- **INFORMATION SHOWN**:
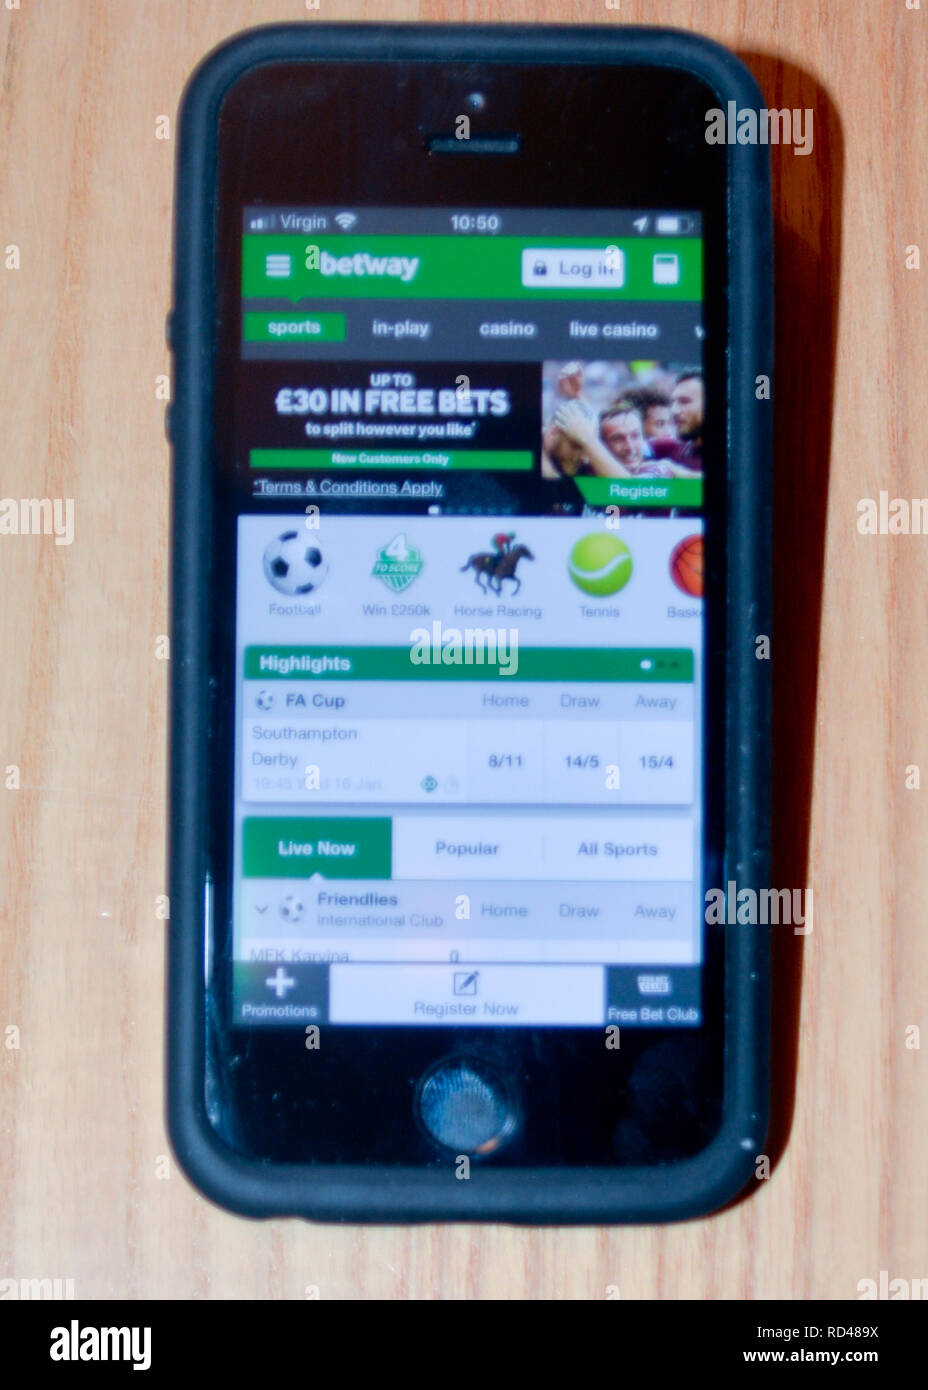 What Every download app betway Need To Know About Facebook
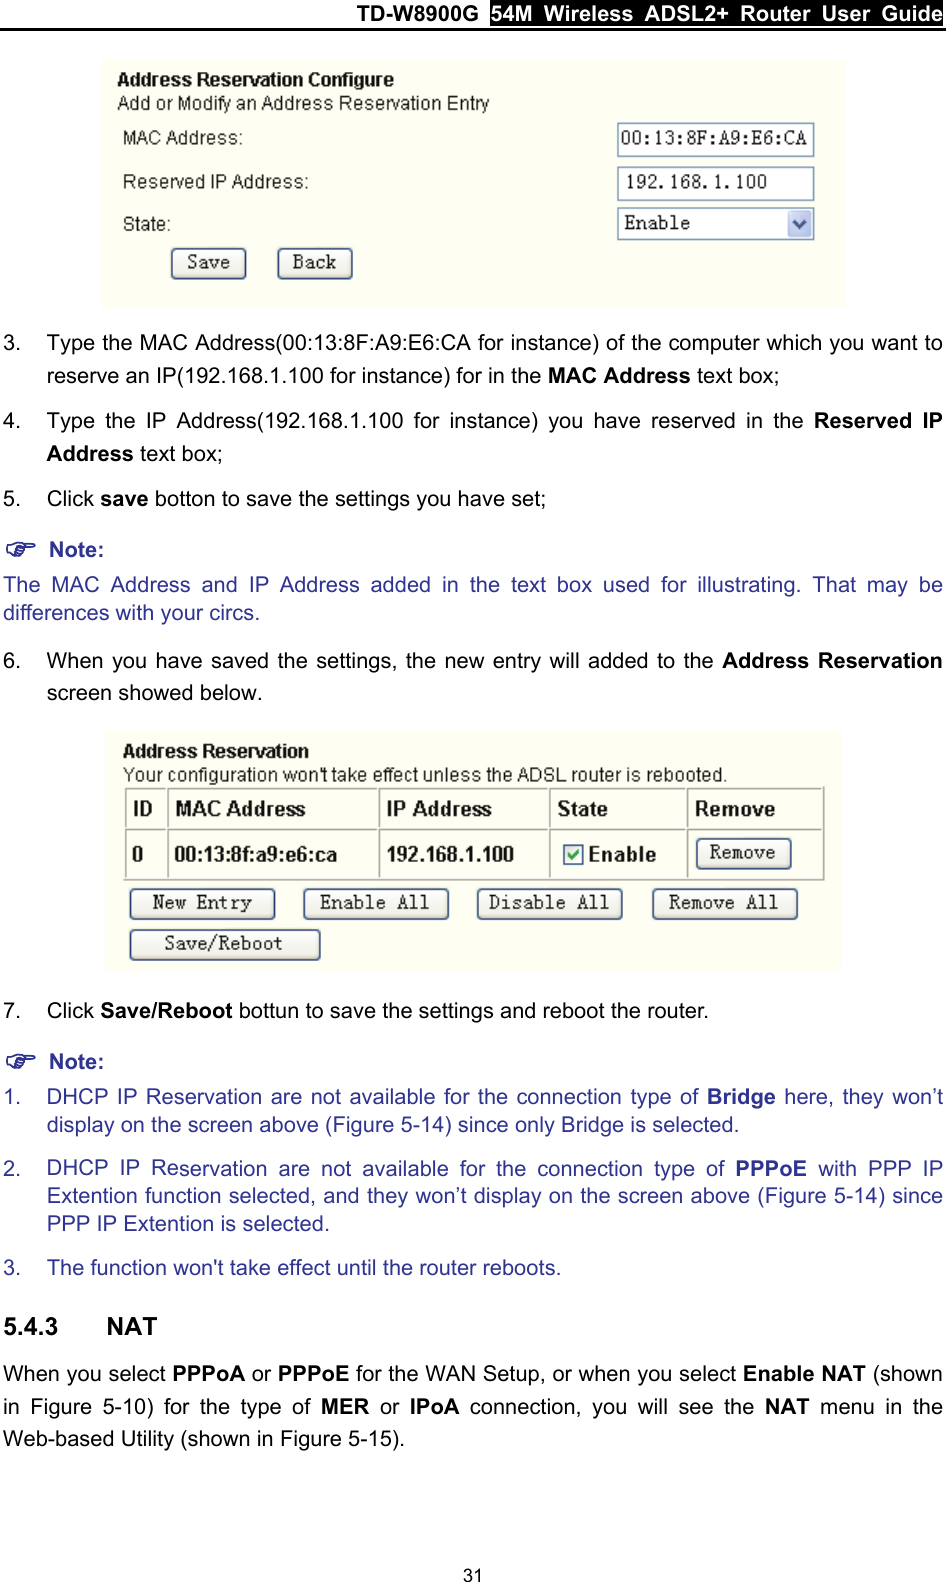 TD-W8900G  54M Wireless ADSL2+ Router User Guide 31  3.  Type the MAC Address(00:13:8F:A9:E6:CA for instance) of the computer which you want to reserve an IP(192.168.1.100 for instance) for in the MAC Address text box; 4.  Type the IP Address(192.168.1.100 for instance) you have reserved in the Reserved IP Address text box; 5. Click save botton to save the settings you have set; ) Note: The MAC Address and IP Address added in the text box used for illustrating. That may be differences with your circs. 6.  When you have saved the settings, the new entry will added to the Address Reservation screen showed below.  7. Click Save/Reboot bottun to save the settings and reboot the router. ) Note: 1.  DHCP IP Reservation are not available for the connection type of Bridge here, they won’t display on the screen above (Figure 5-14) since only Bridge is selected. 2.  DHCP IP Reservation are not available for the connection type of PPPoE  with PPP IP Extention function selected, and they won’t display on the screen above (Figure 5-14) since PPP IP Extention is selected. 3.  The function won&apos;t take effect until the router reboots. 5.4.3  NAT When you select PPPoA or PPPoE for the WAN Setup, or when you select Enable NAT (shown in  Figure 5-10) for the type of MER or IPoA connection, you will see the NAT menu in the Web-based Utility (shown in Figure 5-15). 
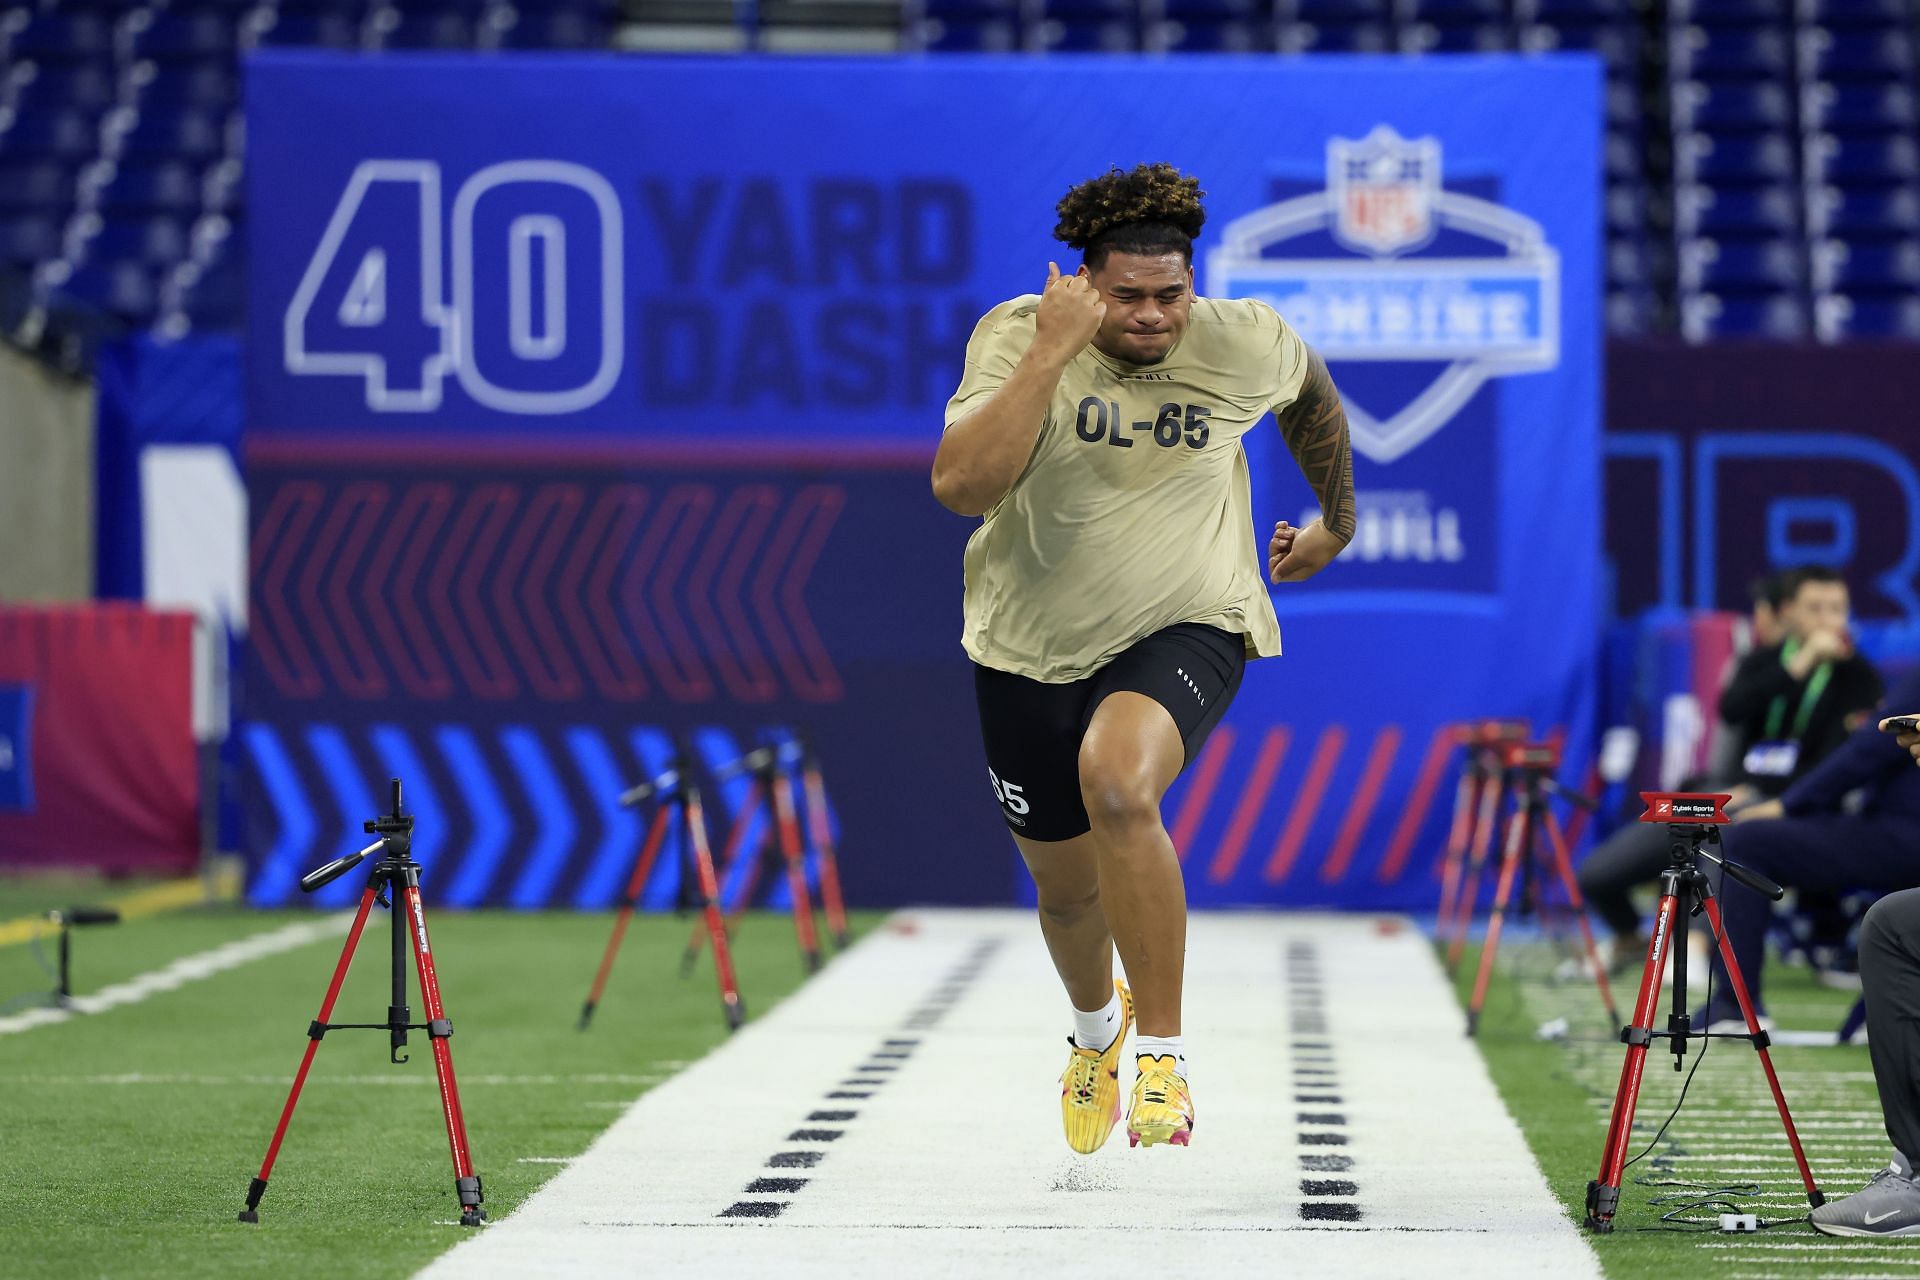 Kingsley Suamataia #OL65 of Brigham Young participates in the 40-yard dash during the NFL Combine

- **EXERCISE GOAL**: Your reply should hold every line above exactly as written and none of the pictures.

- **EXPECTED ANSWER**:
 What Every download app betway Need To Know About Facebook
 TD-W8900G  54M Wireless ADSL2+ Router User Guide 31  3.  Type the MAC Address(00:13:8F:A9:E6:CA for instance) of the computer which you want to reserve an IP(192.168.1.100 for instance) for in the MAC Address text box; 4.  Type the IP Address(192.168.1.100 for instance) you have reserved in the Reserved IP Address text box; 5. Click save botton to save the settings you have set; ) Note: The MAC Address and IP Address added in the text box used for illustrating. That may be differences with your circs. 6.  When you have saved the settings, the new entry will added to the Address Reservation screen showed below.  7. Click Save/Reboot bottun to save the settings and reboot the router. ) Note: 1.  DHCP IP Reservation are not available for the connection type of Bridge here, they won’t display on the screen above (Figure 5-14) since only Bridge is selected. 2.  DHCP IP Reservation are not available for the connection type of PPPoE  with PPP IP Extention function selected, and they won’t display on the screen above (Figure 5-14) since PPP IP Extention is selected. 3.  The function won&apos;t take effect until the router reboots. 5.4.3  NAT When you select PPPoA or PPPoE for the WAN Setup, or when you select Enable NAT (shown in  Figure 5-10) for the type of MER or IPoA connection, you will see the NAT menu in the Web-based Utility (shown in Figure 5-15). 
 Kingsley Suamataia #OL65 of Brigham Young participates in the 40-yard dash during the NFL Combine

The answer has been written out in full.